• _Directions_: A verbatim transcription of the listing below is required, without its pictures.

• _Dataset excerpt_:

**********

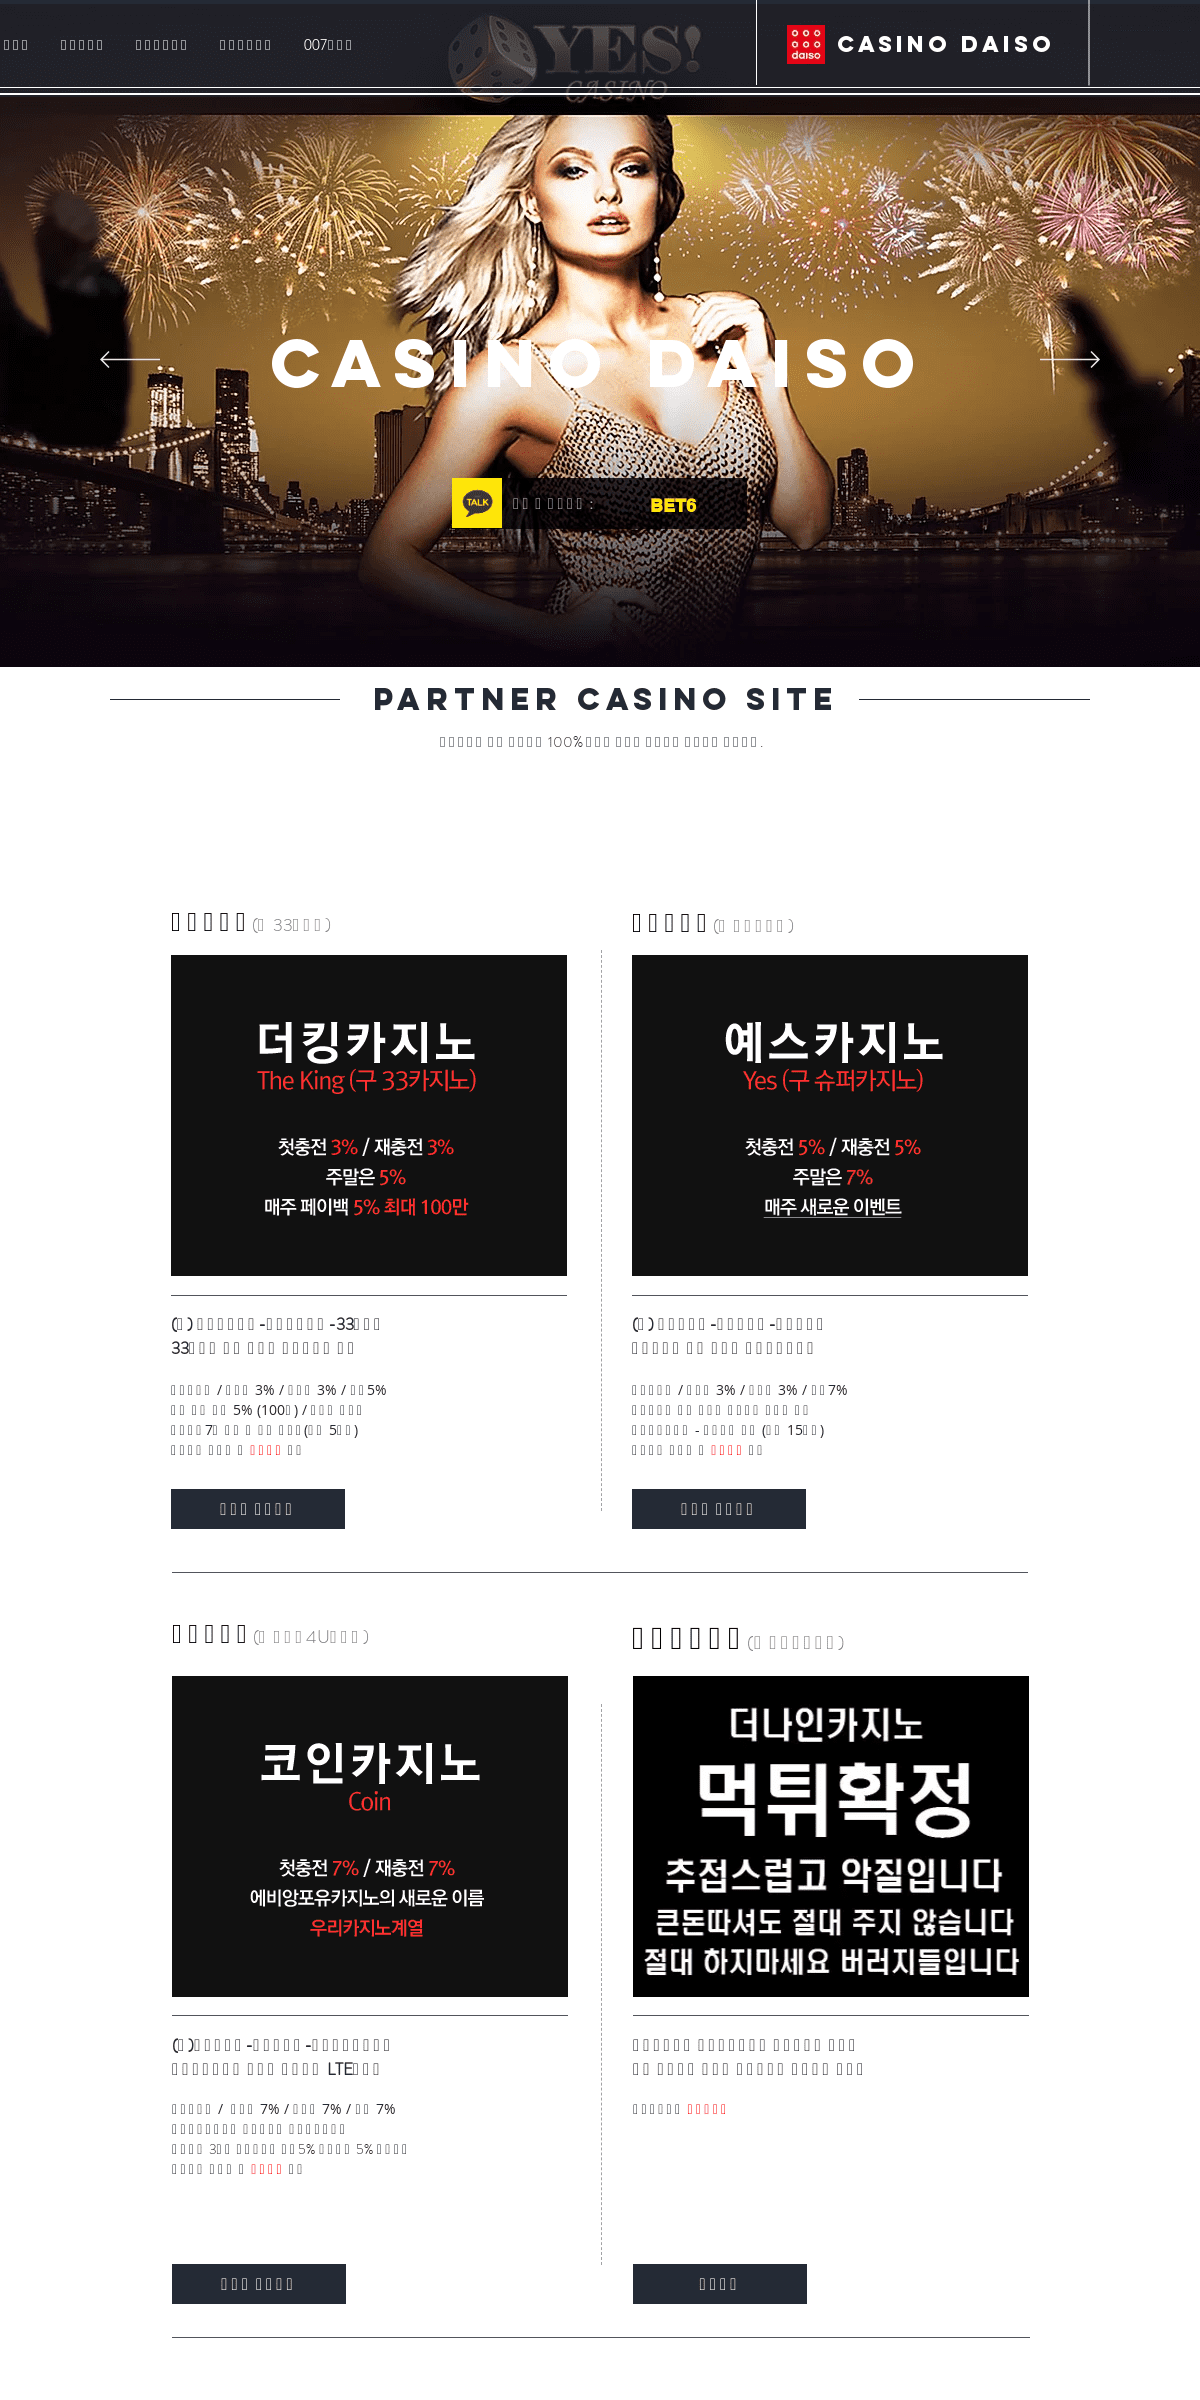 A complete backup of casinodaiso.com
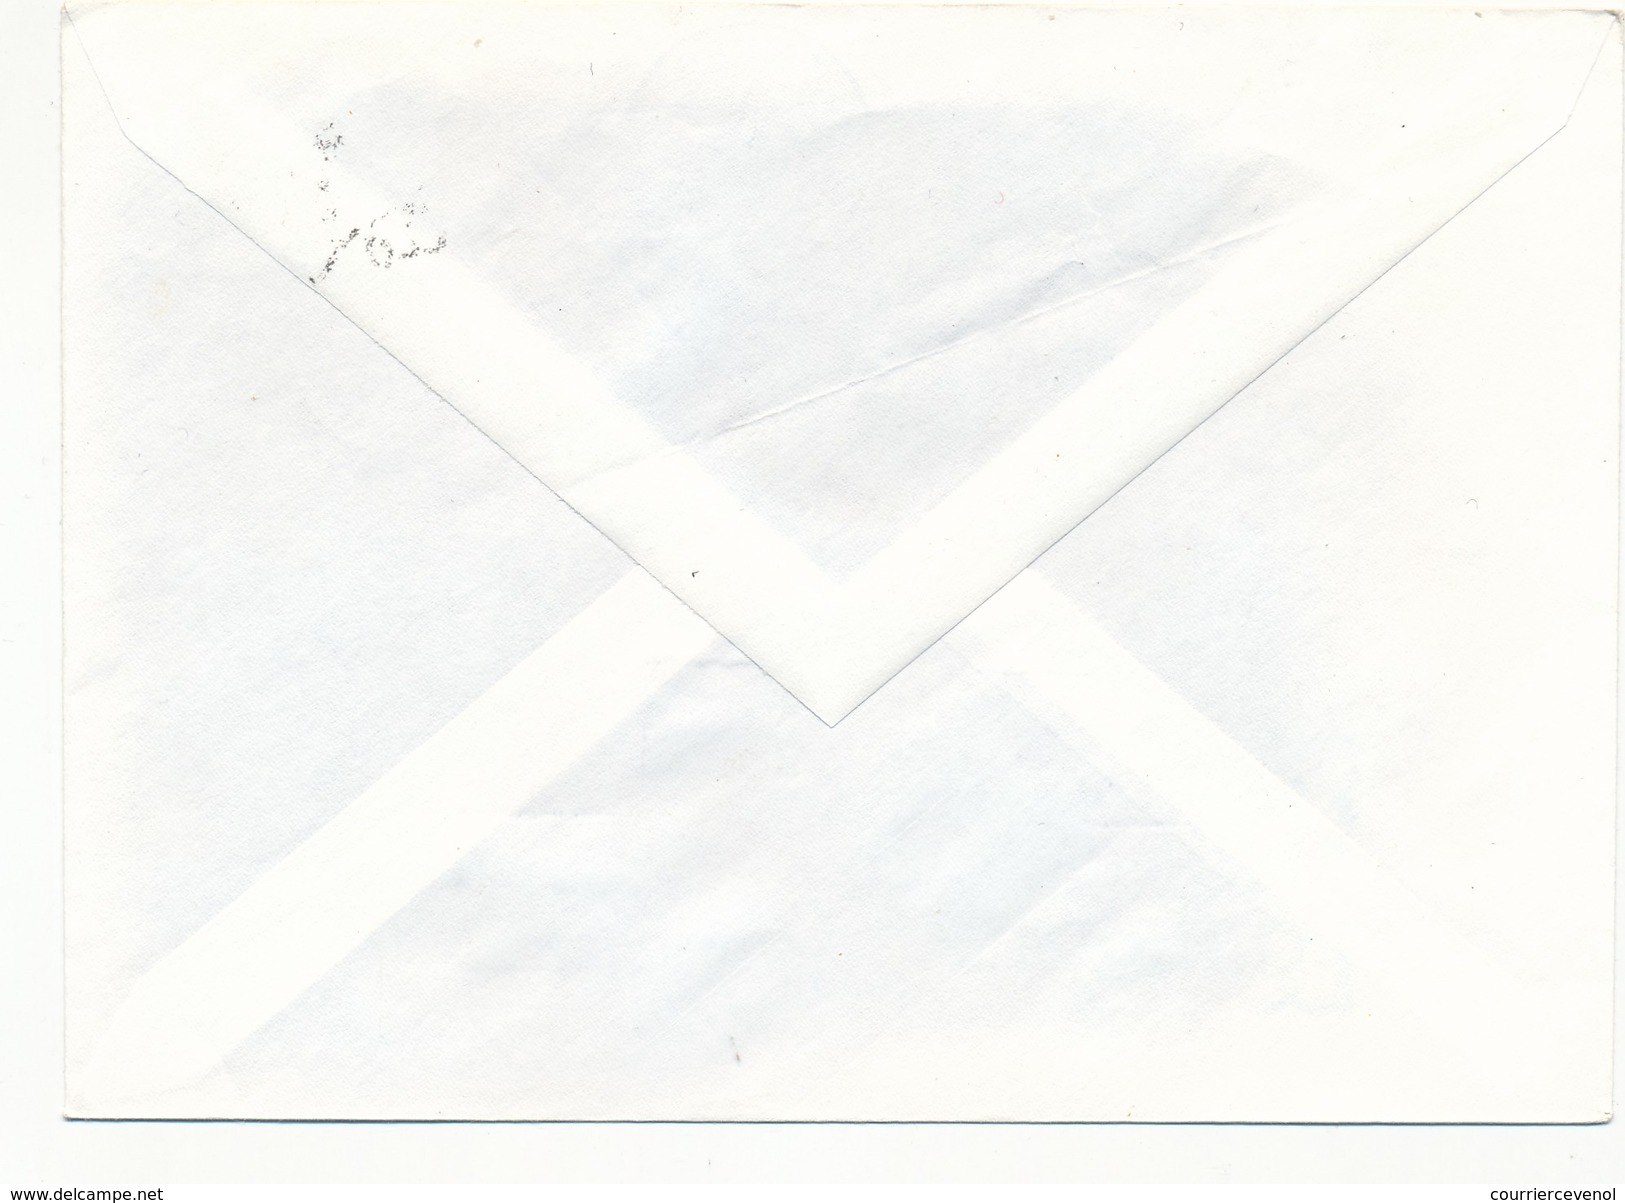 FINLANDE - 2 Enveloppes Commémoratives - Mesure De L'Arc Méridien En Laponie -1986 - Storia Postale
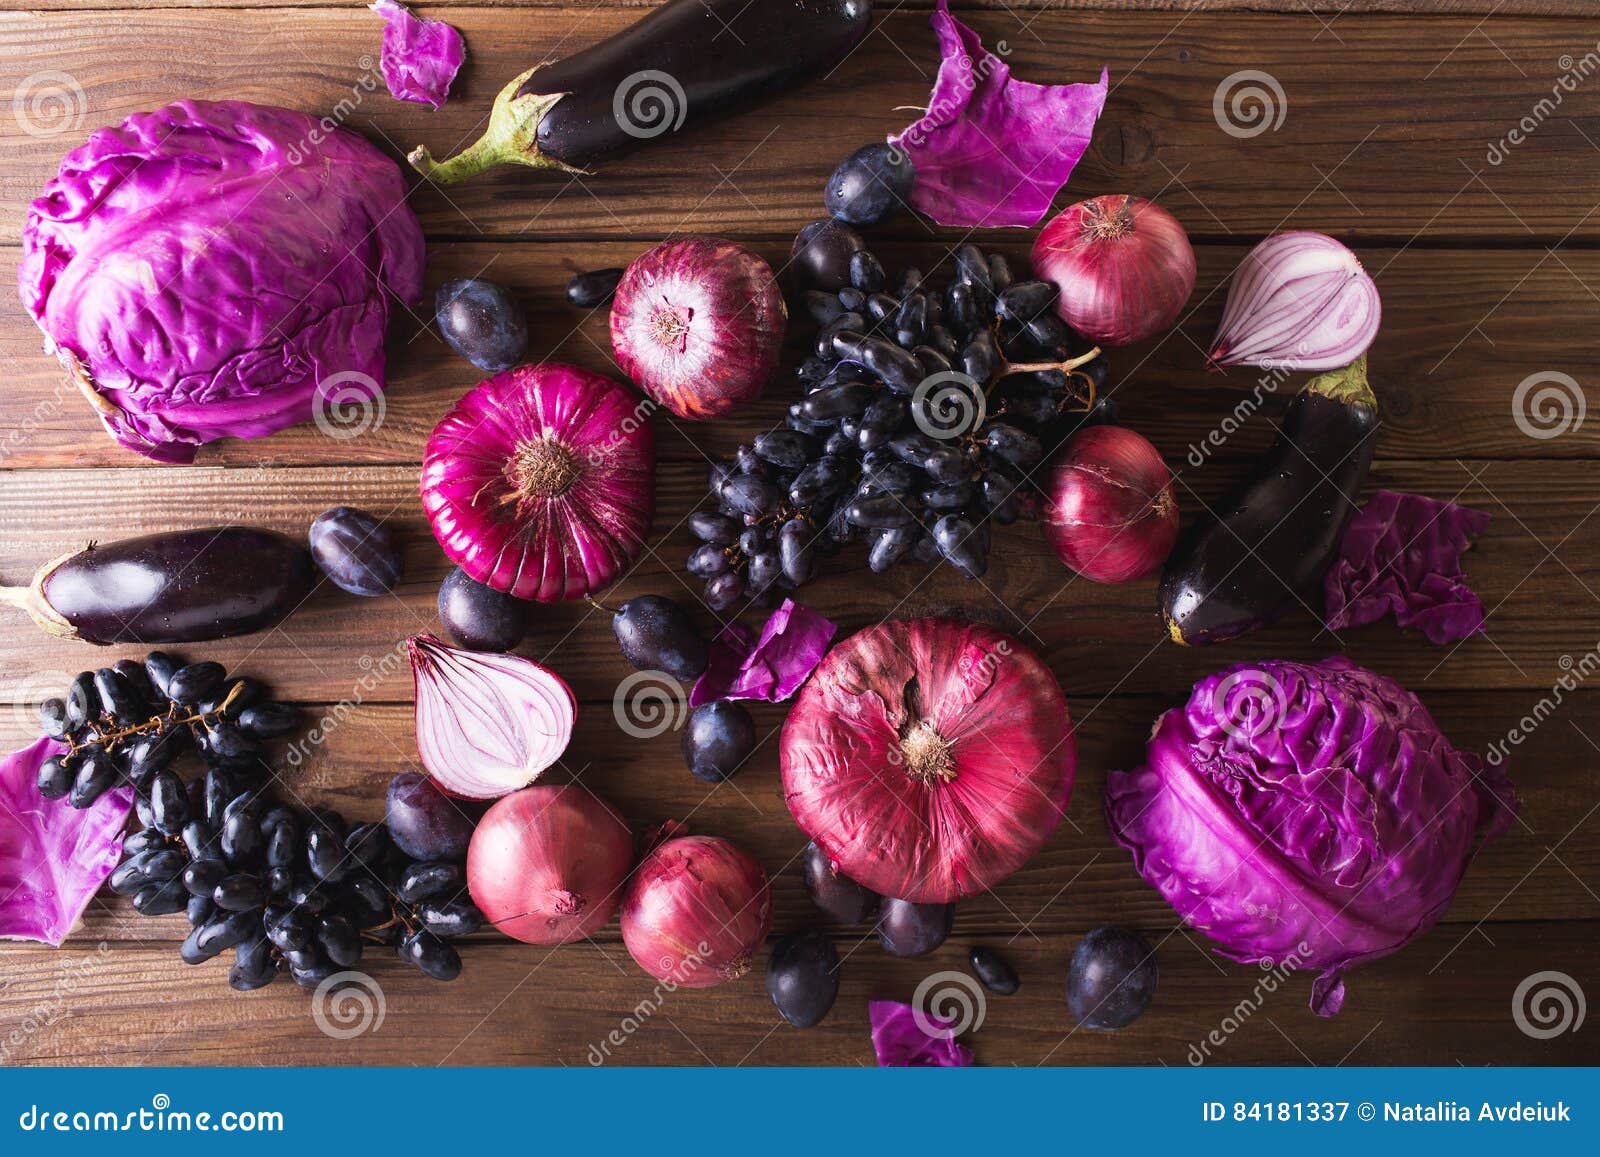 Purpurrote Obst Und Gemuse Blaue Zwiebel Purpurroter Kohl Aubergine Trauben Und Pflaumen Stockbild Bild Von Pflaumen Gemuse

**********

• _Expected answer_:
 A complete backup of casinodaiso.com
 FINLANDE - 2 Enveloppes Commémoratives - Mesure De L'Arc Méridien En Laponie -1986 - Storia Postale
 Purpurrote Obst Und Gemuse Blaue Zwiebel Purpurroter Kohl Aubergine Trauben Und Pflaumen Stockbild Bild Von Pflaumen Gemuse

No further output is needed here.